LungVax was created by analysing public data sets to identify mutations in NSCLC that were highly predictive of red-flag proteins, or neoantigens, found on cancer cells. This sets it apart from other vaccines being tested because it is meant to target and kill these abnormal cells before they turn cancerous. (Other vaccines being tested for lung cancer focus on antigens such as HER2, MUC1 and CLDN6.) Alongside immunologists at the University of Oxford, UK, researchers targeted mutations with a viral vector similar to that used in COVID-19 vaccines but with fewer side effects.
Participants with stage 1 tumours will receive the vaccine within three months of surgery to help destroy lingering small cancer cells that scans don’t catch. Between 20% and 30% of people have relapses within three years, Jamal-Hanjani says, and LungVax could help to stop the cancer returning in these cases.

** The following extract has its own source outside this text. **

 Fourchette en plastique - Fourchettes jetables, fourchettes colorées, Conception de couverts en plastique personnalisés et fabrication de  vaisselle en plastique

All of this work on therapies does not change the underlying fact that lung cancer kills more people than any other type of cancer worldwide. Five-year survival rates range from about 9% for SCLC to 32% for NSCLC. The effectiveness of treatments typically boils down to the months that they can add to a person’s life. Some people might get to add years. Most researchers are hesitant to even broach the idea of treatments being curative.

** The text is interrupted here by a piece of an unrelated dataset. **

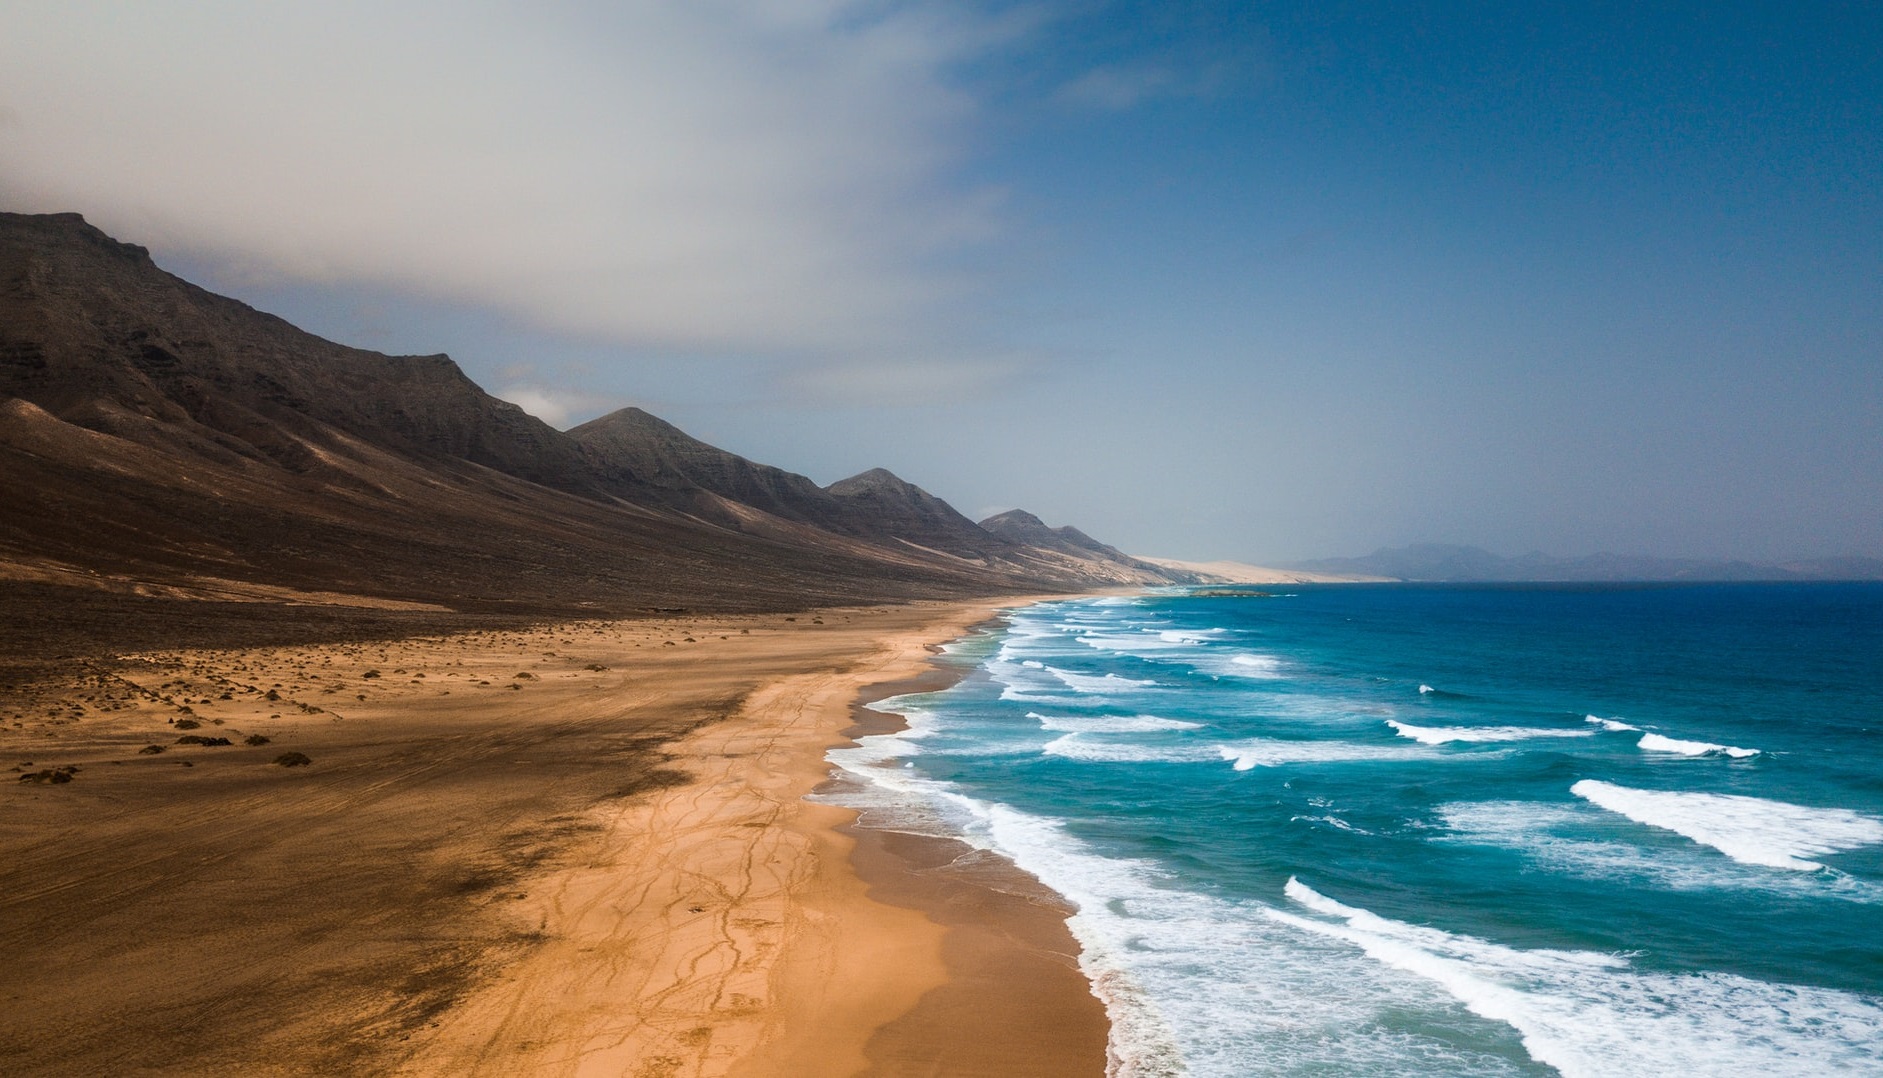 Découvrez nos séjours de luxe en vente privée - Fuerteventura. VeryChic vous propose des voyages jusqu’à -70% dans les plus beaux hôtels du monde - Fuerteventura

But progress is nevertheless encouraging. Researchers are increasingly able to find and inhibit the growth of different subtypes of cancer. Therapies are increasingly targeted to a person’s particular condition. And vaccines are on the way that might lengthen the time before relapse — and perhaps even prevent cancer from occurring in the first place.
There’s a long road ahead. A diagnosis of lung cancer might still produce a feeling of dread. But researchers, armed with more refined knowledge of this disease, are steadily building an array of treatments that might vanquish the most deadly oncological foe.